How many of these sleep podcasts started as just regular podcasts before the host came to the harsh realization that their show was dull so they pivoted
Good guy in movie shot 3 times: I must save my family
Me, kinda sore from trampoline sesh: sorry gramma can’t make it to your 85th bday
You have CrossFit, I bathe 3 children in one evening.
karate teacher: shatter that board
me: *holding it up to my face* your whole family died here and I watched
teacher: not like that
board: *crying* yeah not like that
My doctor said I needed to reduce stress. Great, now I have that to worry about.
The brat next door is outside banging on a metal bucket in his front yard …..guess it’s about that time to go mow my gravel driveway.

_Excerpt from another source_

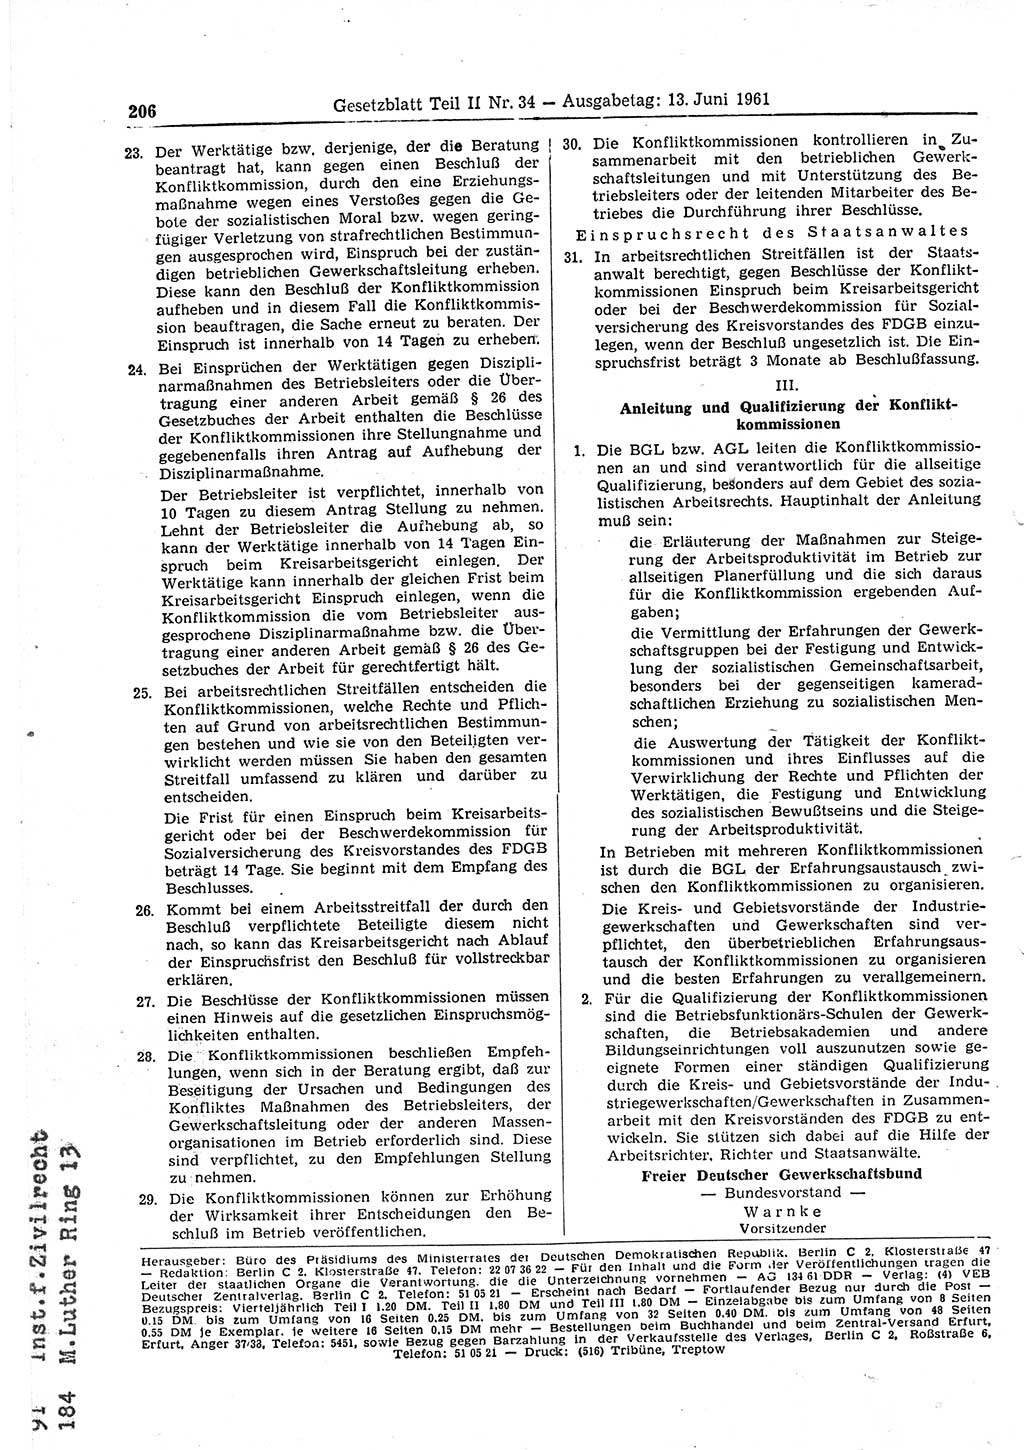 Gesetzblatt (GBl.) der Deutschen Demokratischen Republik (DDR) Teil ⅠⅠ 1961, Seite 206 (GBl. DDR ⅠⅠ 1961, S. 206)

The Discovery Channel should be on a different channel every day
[first person to see an ostrich]
Check out that chicken horse.
watering my plants with Mtn Dew to recreate their native environment
ME: [trying to console a friend whose house has been demolished] Cheer up, bulldozing is the sincerest form of flattery
will somebody tell my friend its spelled “gif” not “gf” and its not special that he has one, i have like 400 on my computer
Last weekend, Brad Pitt and Angelina Jolie tied the knot in a small intimiate ceremony attended by 20 of their closest children.
7: Golf is not fun to watch
ME: It is, if you understand the nuances and the context
7: What are nuances and context
Me: Details. Like the scoreboard, the decisions they make
7: They hit a ball, and it goes in–or not
Me:
7: Usually not
Me:
7: They aren’t even good at it.
Mrs Doubtfire is my favourite movie about violating a custody agreement
Lifehack: dress your young children in the colors of the food you are serving them to avoid outfit changes.

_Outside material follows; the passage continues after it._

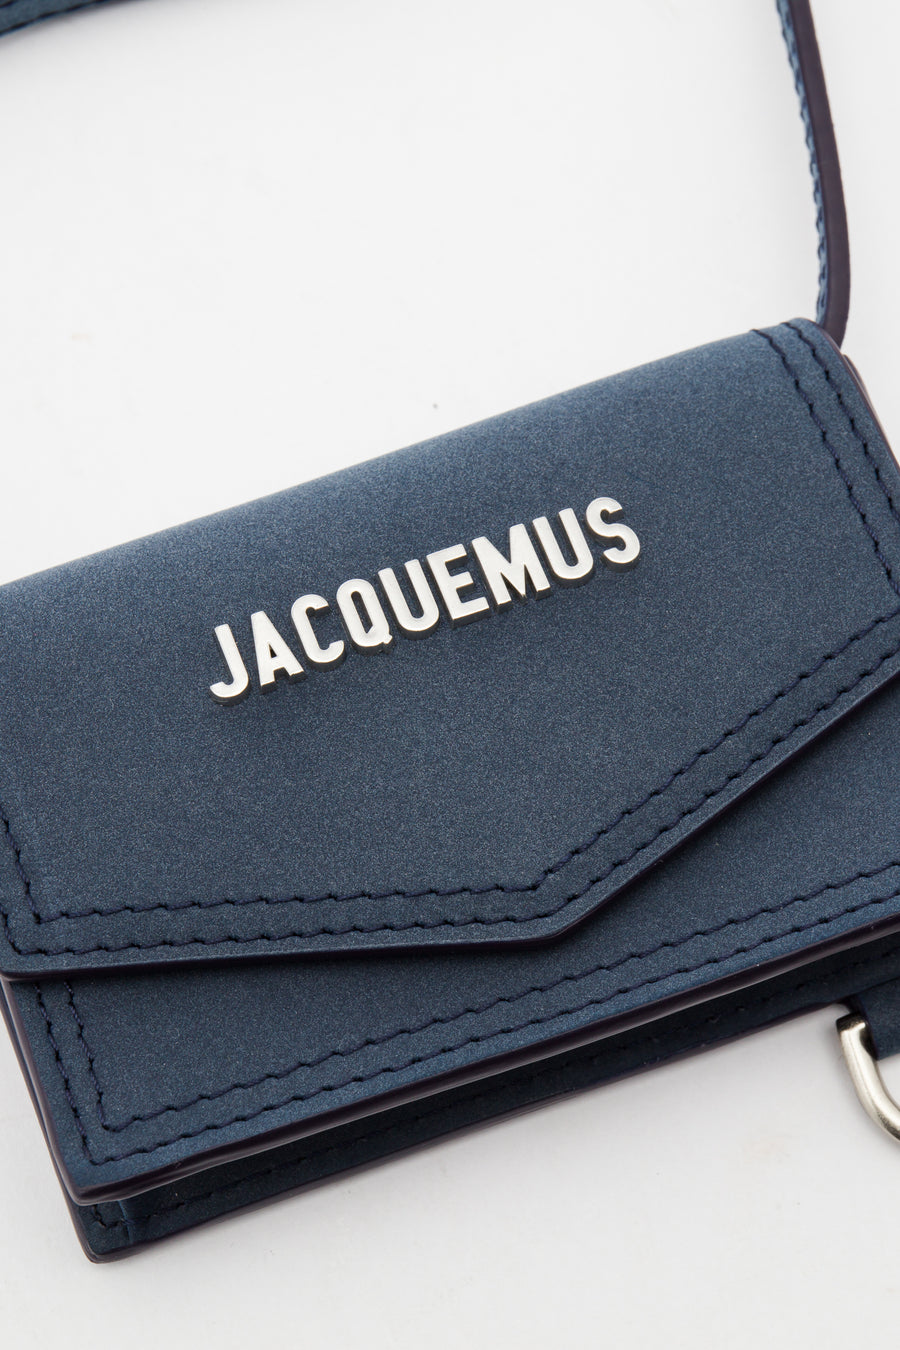 Jacquemus ‘Le Porte Azur’ Strapped Pouch Unisex Navy Blue | Vitkac

For lent I gave up eating random crumbs I find on my desk
CYCLOPS: what’s that screaming?
PROF. X: I maxed out the difficulty in the danger room
WOLVERINE: [running through the aisles of a virtual grocery store trying to avoid talking to neighbors, old class mates, and ex gfs] NOOOOOOOOOO
Me: My bed is so warm and cosy. I never want to leave.
Bladder: AHAHAHAHAHAHAHA
BOSS: You’re fired
ME: For giving up my seat to a blind guy?
BOSS: You’re an Uber driver
There are 7 trillion nerves in the human body and some people manage to get on every one.
[At microphone]
*clears throat*
“Salsa. Ballet. Conga. Waltz. Jitterbug. Tap.”
*crowd cheers*
“Thanks for attending my dance recital.”